▶ Task goal:
Your answer must be the line containing "Аэрозольная краска COLOR1" and each following line to the end of the listing below, copied exactly, with pictures removed and nothing added.

▶ Data excerpt:
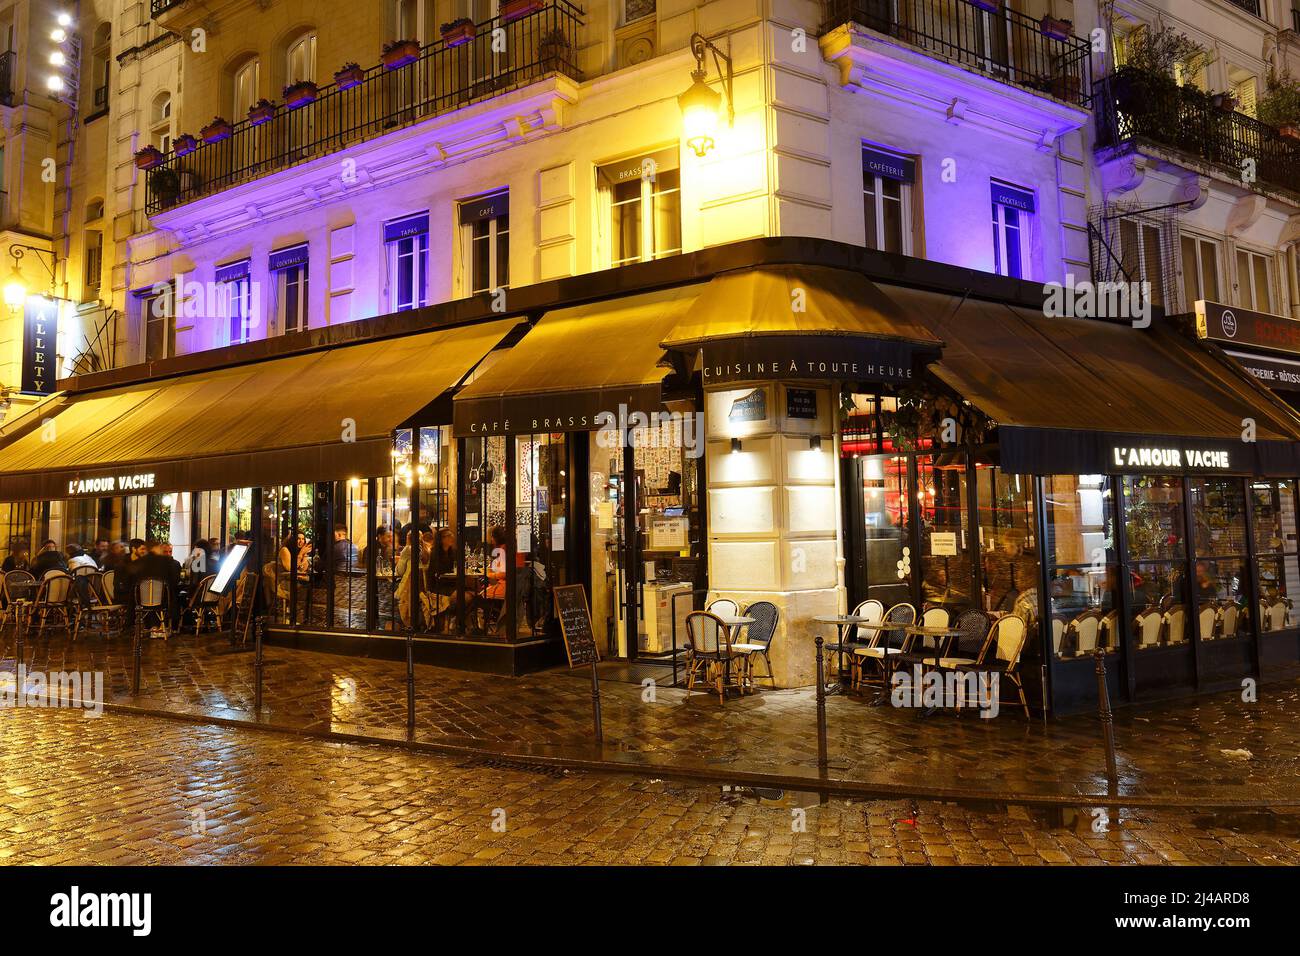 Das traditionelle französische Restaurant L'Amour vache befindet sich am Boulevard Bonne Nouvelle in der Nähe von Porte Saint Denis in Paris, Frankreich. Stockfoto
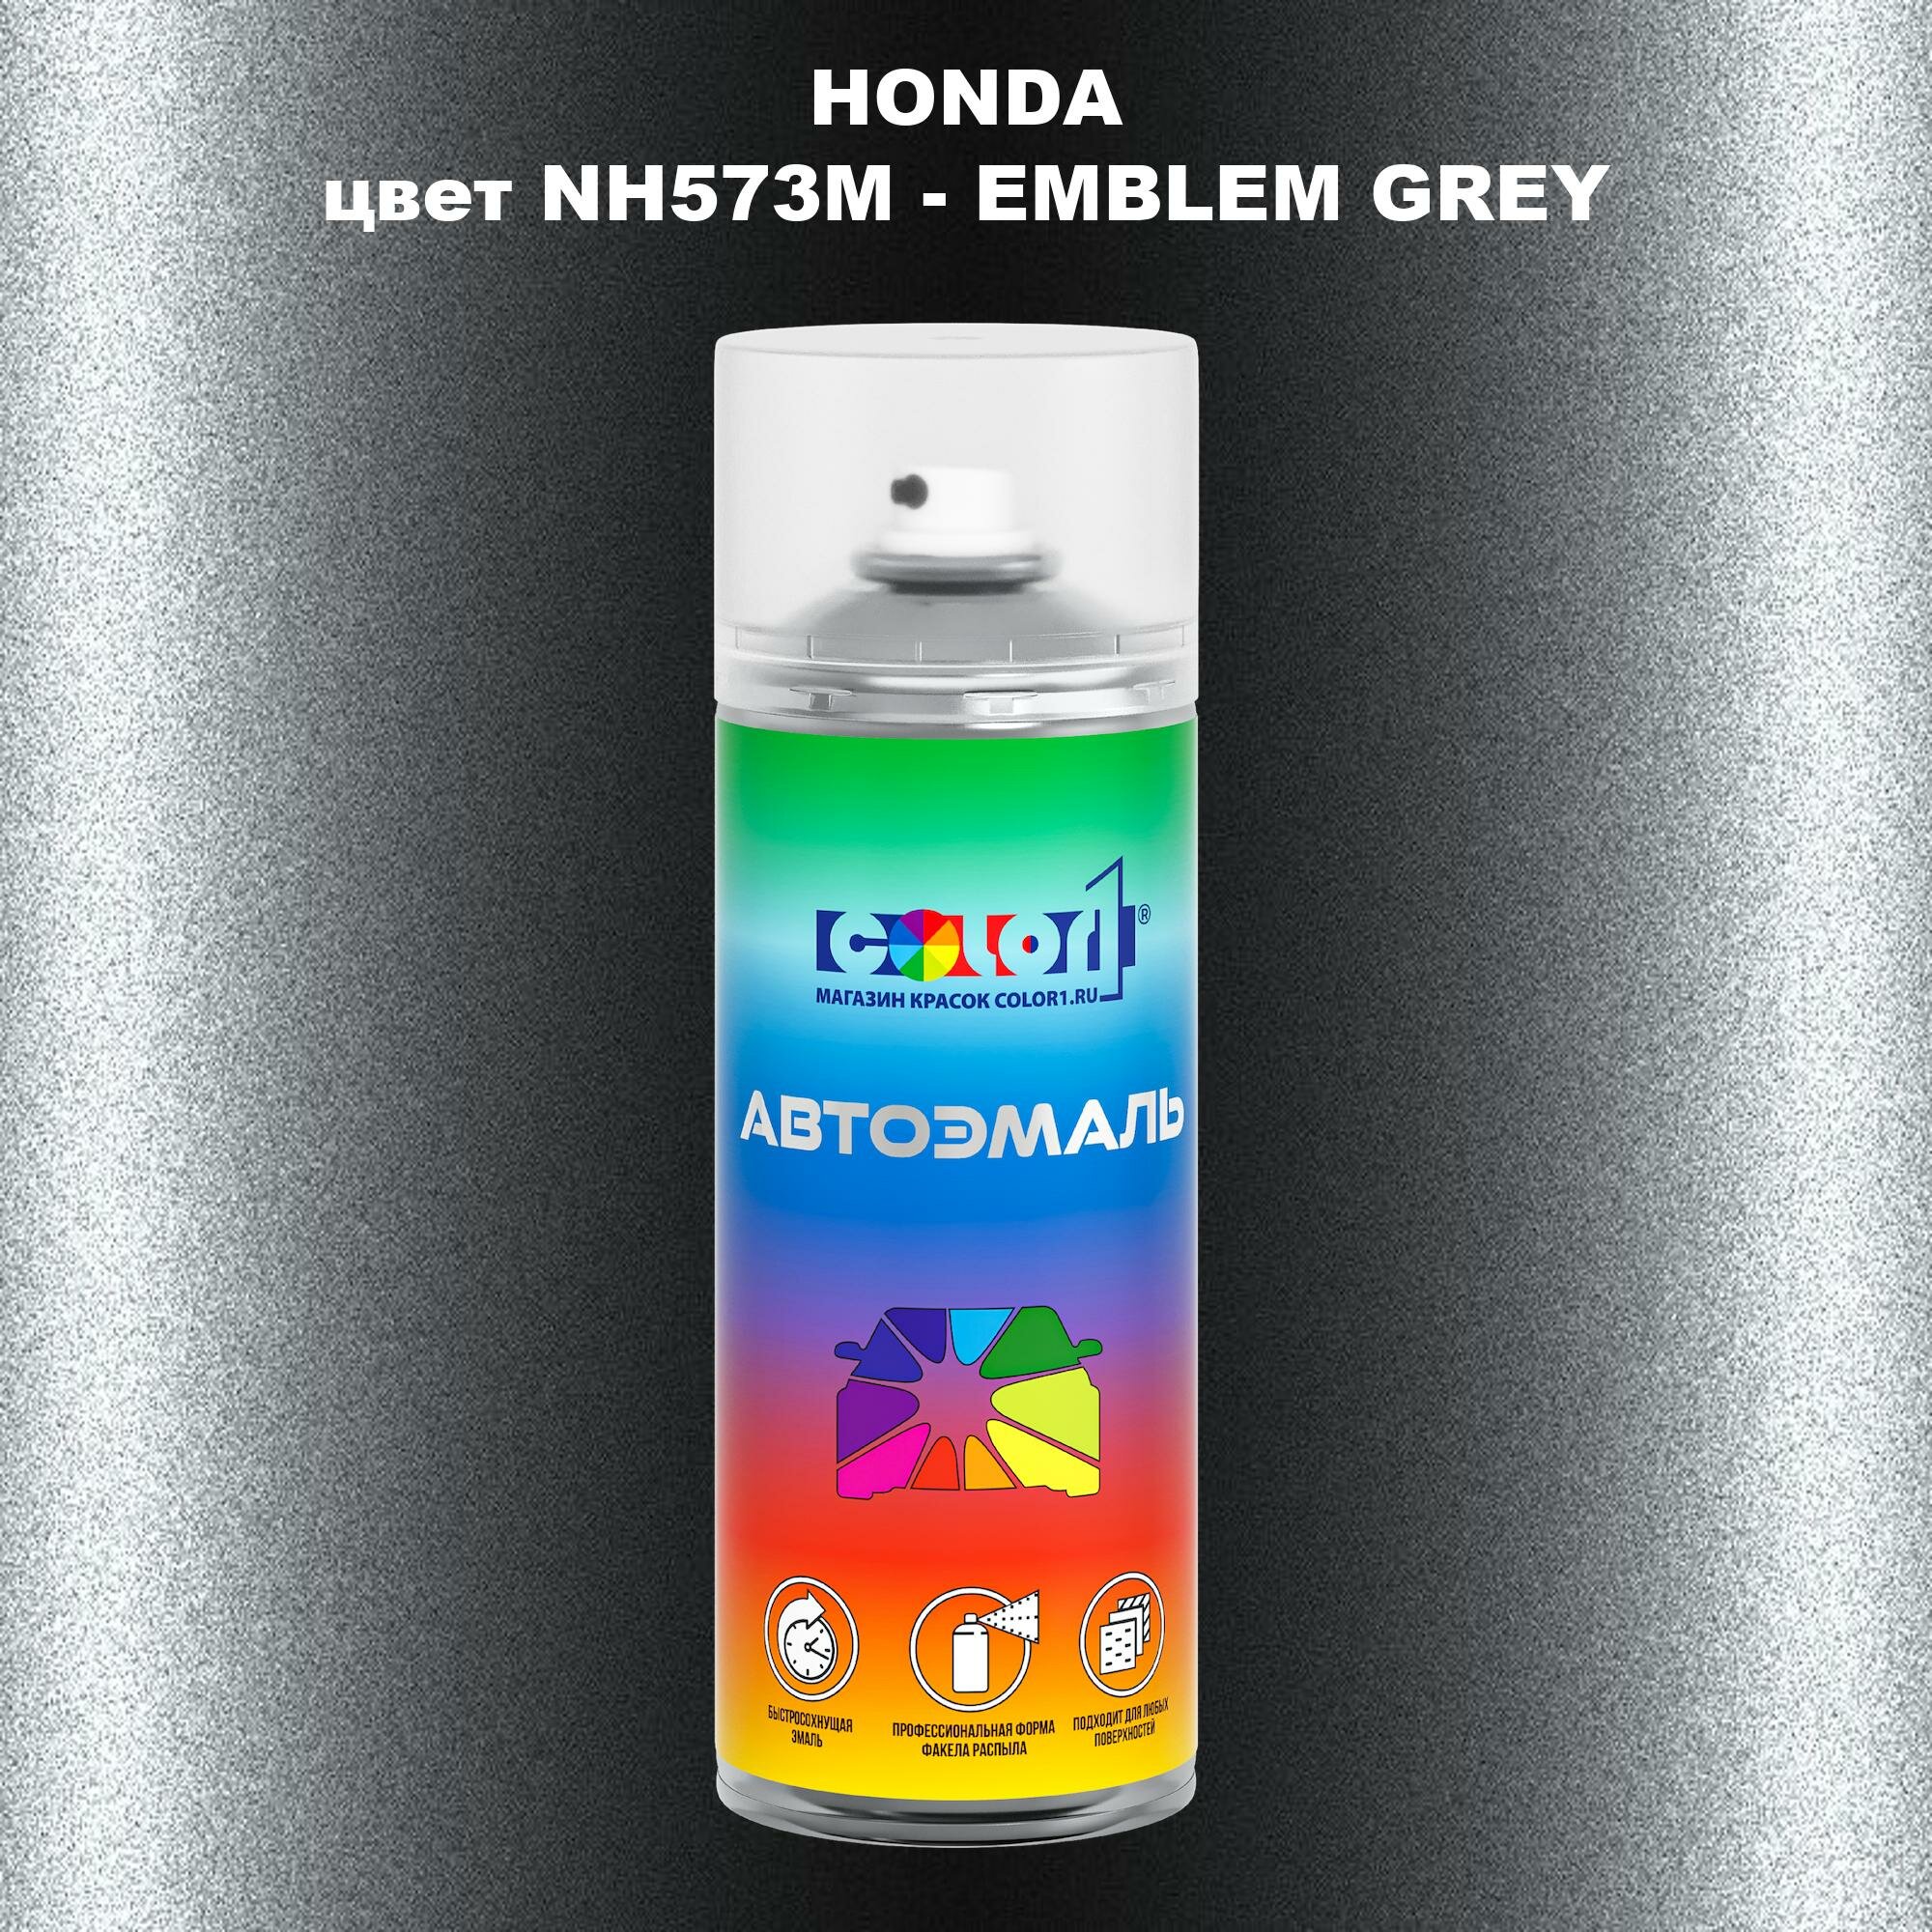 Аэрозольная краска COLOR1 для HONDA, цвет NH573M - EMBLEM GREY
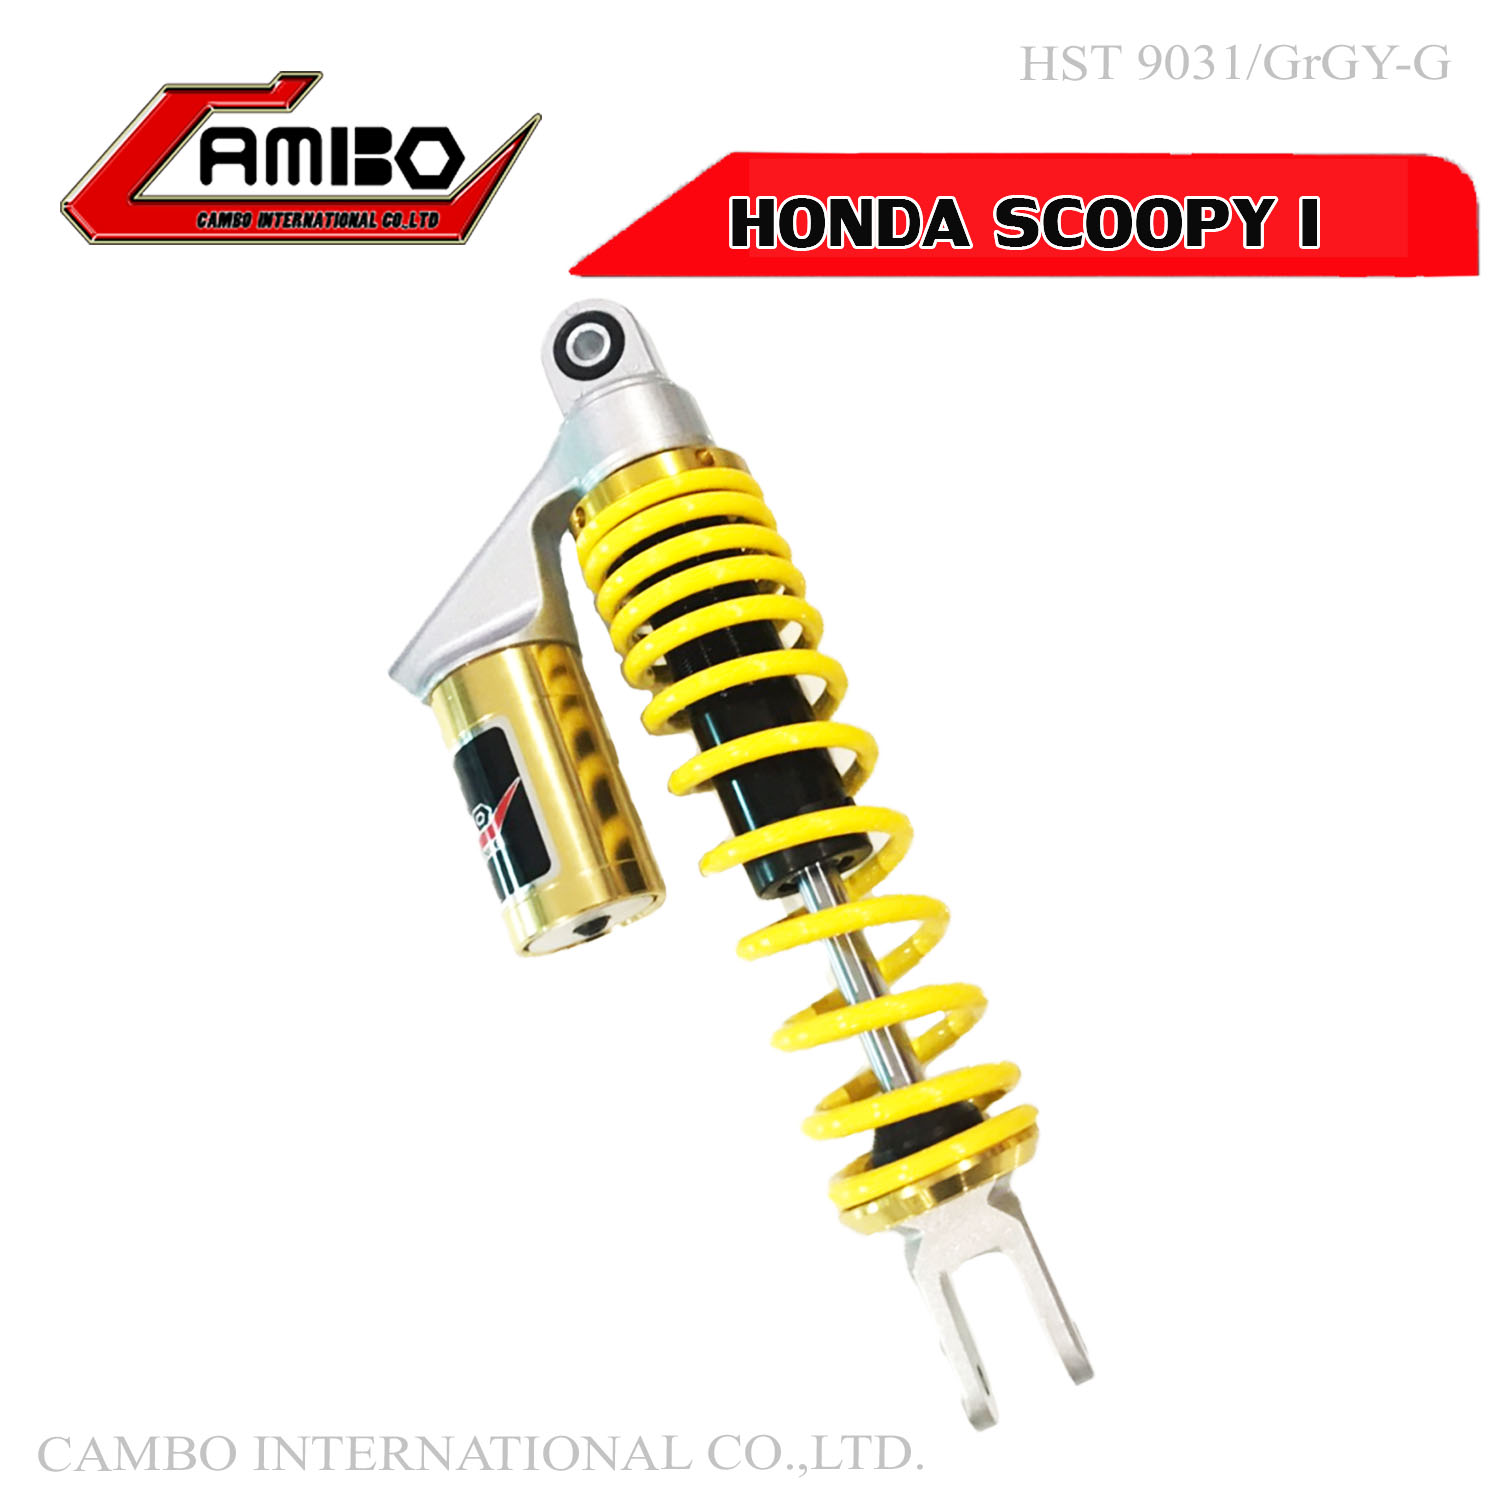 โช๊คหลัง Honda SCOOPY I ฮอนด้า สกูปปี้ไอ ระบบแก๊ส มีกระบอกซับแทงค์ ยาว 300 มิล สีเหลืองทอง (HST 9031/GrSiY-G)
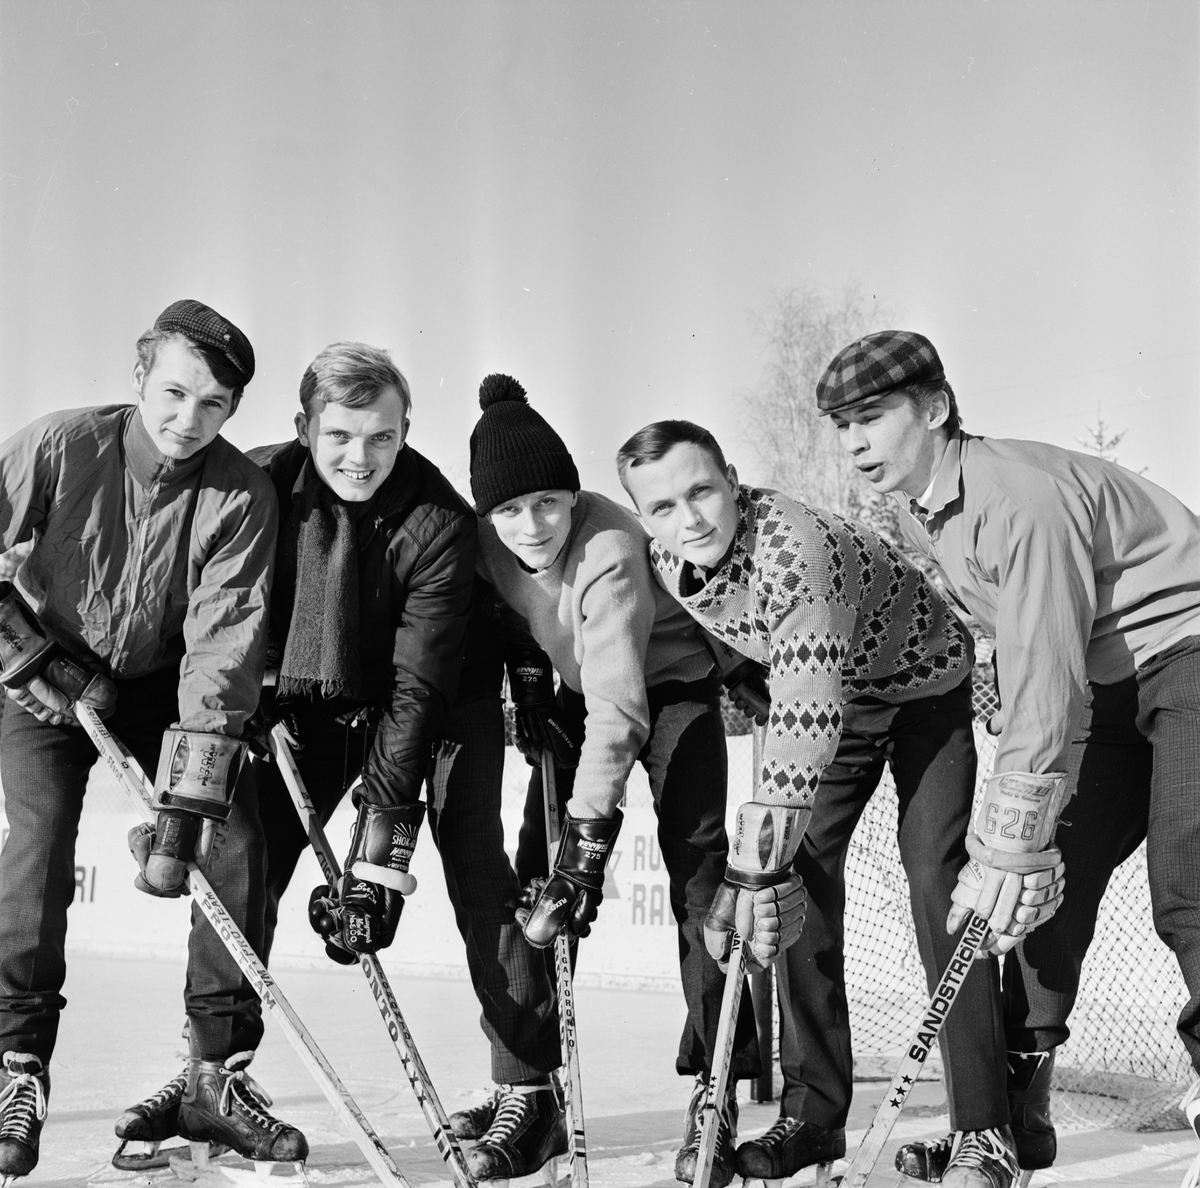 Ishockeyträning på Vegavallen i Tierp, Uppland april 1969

▶ Reply to the exercise:
 Аэрозольная краска COLOR1 для HONDA, цвет NH573M - EMBLEM GREY
 โช๊คหลัง Honda SCOOPY I ฮอนด้า สกูปปี้ไอ ระบบแก๊ส มีกระบอกซับแทงค์ ยาว 300 มิล สีเหลืองทอง (HST 9031/GrSiY-G)
 Ishockeyträning på Vegavallen i Tierp, Uppland april 1969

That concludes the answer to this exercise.